On Thu, Oct 15, 2009 at 5:37 PM, plantfern <fern@...> wrote:
>
> The only sticking point that the people at Mina-Vysper mailing list brought up
is the licensing. For Mina-Vysper to be able to use Aalto, the license needs to
be Apache compatible.. which I guess GPL and/or commercial licenses are not :(
>
> What do you think of that?

That could be problematic, yes, knowing the state of affairs between
GPL and Apache camps. :-)

I'll have to think a bit about that: GPL happens to be reasonable
match with commercial licensing (to divide usage into free and
non-free cases), but it has its downside too. So it may be time to
revise licensing question.

-+ Tatu +-

#46 From: "plantfern" <fern@...>
Date: Fri Oct 16, 2009 6:19 pm
Subject: Re: Anyone interested in helping with non-blocking/async parsing use cases?
plantfern
Send Email Send Email
 
Well, if there is serious discussion about changing the license you can try
joining the Mina mailing list, this might be a pretty good thing they might get
excited about. :)


--- In aalto-xml-interest@yahoogroups.com, Tatu Saloranta <tsaloranta@...>
wrote:
>
> On Thu, Oct 15, 2009 at 5:37 PM, plantfern <fern@...> wrote:
> >
> > The only sticking point that the people at Mina-Vysper mailing list brought
up is the licensing. For Mina-Vysper to be able to use Aalto, the license needs
to be Apache compatible.. which I guess GPL and/or commercial licenses are not
:(
> >
> > What do you think of that?
>
> That could be problematic, yes, knowing the state of affairs between
> GPL and Apache camps. :-)
>
> I'll have to think a bit about that: GPL happens to be reasonable
> match with commercial licensing (to divide usage into free and
> non-free cases), but it has its downside too. So it may be time to
> revise licensing question.
>
> -+ Tatu +-
>

#47 From: Tatu Saloranta <tsaloranta@...>
Date: Mon Oct 19, 2009 6:09 pm
Subject: Re: Re: Anyone interested in helping with non-blocking/async parsing use cases?
cowtowncoder
Send Email Send Email
 
On Fri, Oct 16, 2009 at 11:19 AM, plantfern <fern@...> wrote:
>
> Well, if there is serious discussion about changing the license you can try
joining the Mina mailing list, this might be a
> pretty good thing they might get excited about. :)

That's bit of chicken-and-egg problem. :)
(and impedance between selling a solution vs. having people with a
problem find you)

But I could definitely join the list. How is Vysper related to Mina
(or is it)? I do remember Mina, has been around for a while.

-+ Tatu +-

#48 From: "pnehrers2" <pnehrer@...>
Date: Sat Oct 24, 2009 2:51 am
Subject: Re: Anyone interested in helping with non-blocking/async parsing use cases?
pnehrers2
Send Email Send Email
 
I hereby declare my interest in an asynchronous xml parser solution :-)
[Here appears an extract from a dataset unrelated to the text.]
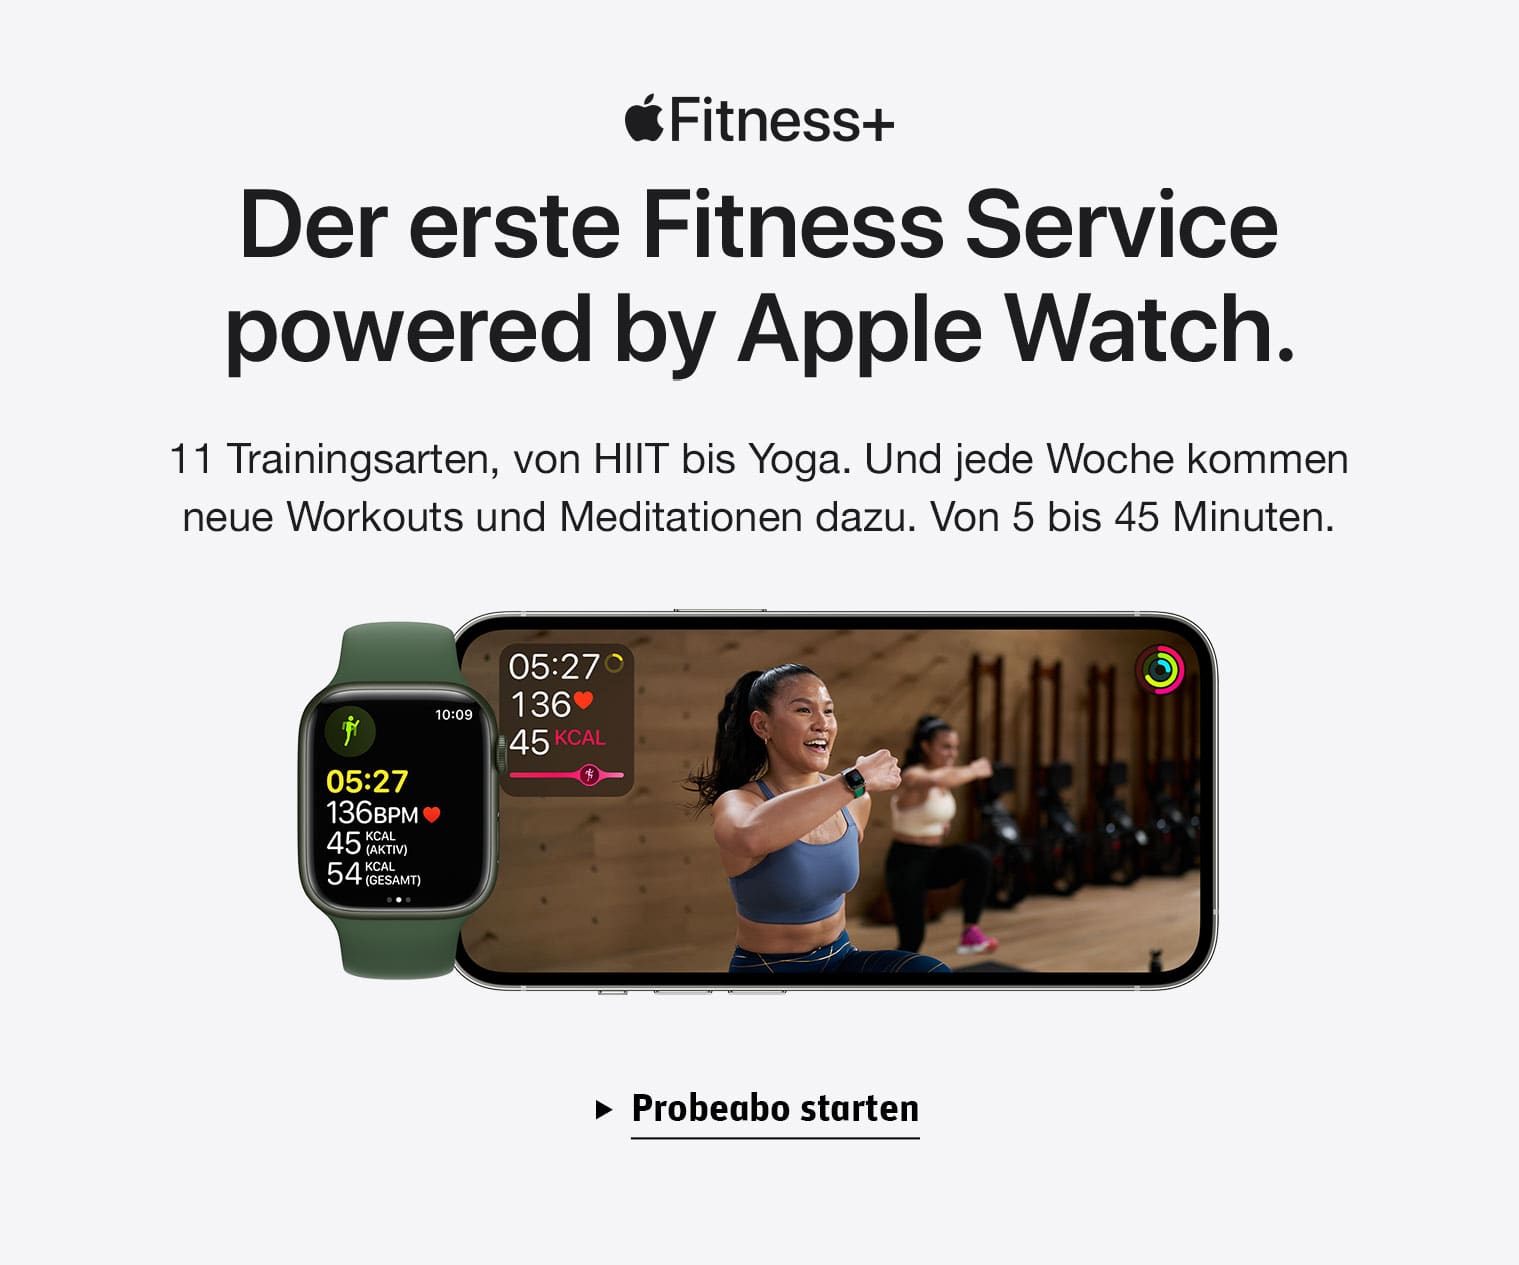 Der erste Fitness Service powerd by Apple Watch.
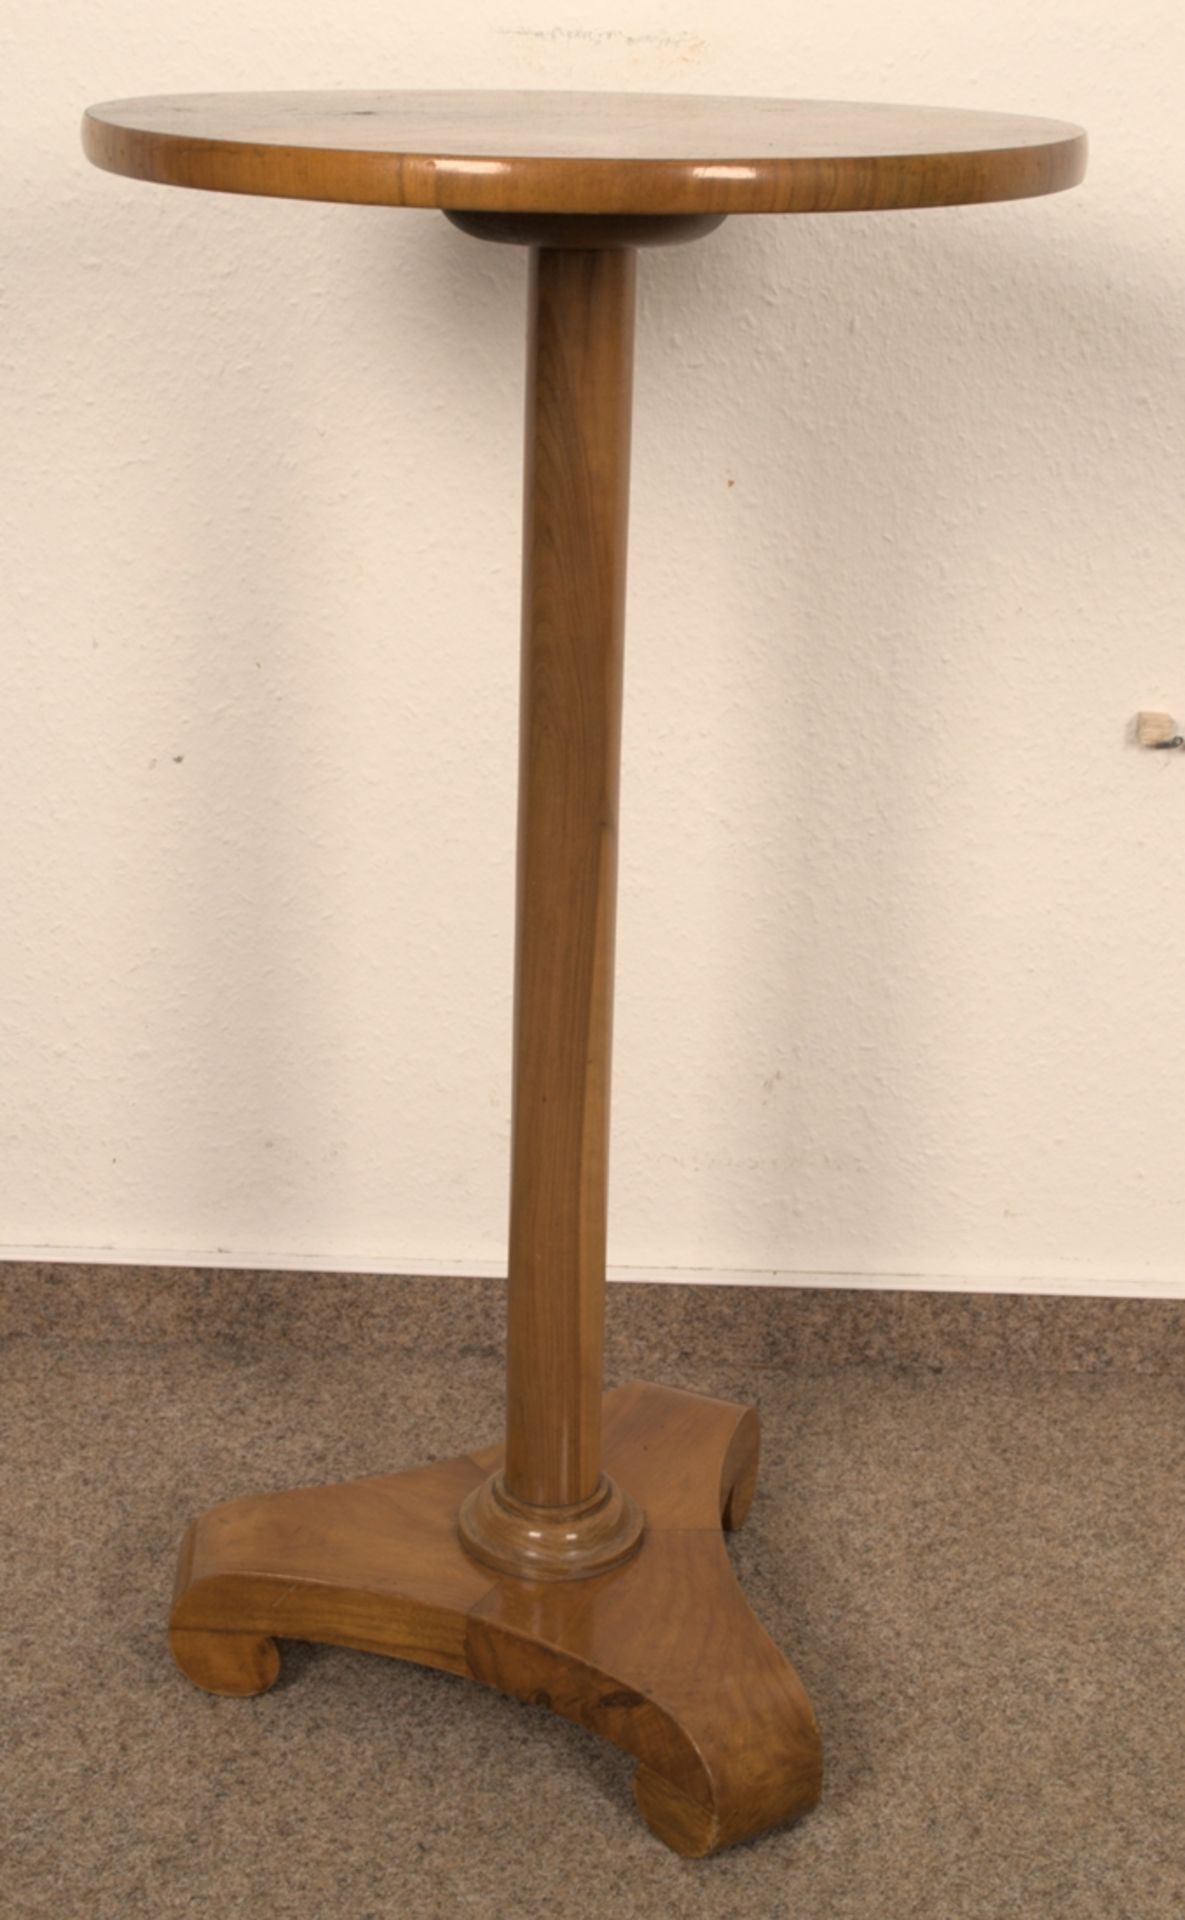 Rundes Lampentischchen, Biedermeier-Stil 19./20. Jhd., Höhe ca. 75 cm, Durchmesser ca. 42 cm. - Image 2 of 5

I'm looking for a way to efficiently process xml input in a Netty-based server.
Right now, I have to spin another thread and let it block on reading an input
stream while feeding it with bytes every time I get a new buffer-ful from the
socket... quite ugly.

The problem with most parsers I investigated is that they are not written in a
way that would allow me to interrupt parsing (and essentially go back to the
last well-defined state) when no more bytes are available. This is basically how
Netty does packet defragmenting -- if you don't have enough bytes to move to the
next state, you stay in the current state and retry when you get more bytes.
There's probably a more efficient way -- like keeping a set of possible states
you can be in at any given byte, but that sounds more complicated.

If I had a StAX parser that would fail next() when it can't complete parsing
with currently available bytes and then let me retry the same next() again
later, I'd be all set :-)

Anyway, I'm not sure how I could help, but I'm interested (also, an
Apache-compatible license wouldn't hurt ;-))

--Peter

#49 From: Tatu Saloranta <tsaloranta@...>
Date: Sat Oct 24, 2009 3:28 am
Subject: Re: Re: Anyone interested in helping with non-blocking/async parsing use cases?
cowtowncoder
Send Email Send Email
 
On Fri, Oct 23, 2009 at 7:51 PM, pnehrers2 <pnehrer@...> wrote:
>
> I hereby declare my interest in an asynchronous xml parser solution :-)

Great! It seems that there are couple of other developers seriously
interested, so I think I better get back on track with development. :)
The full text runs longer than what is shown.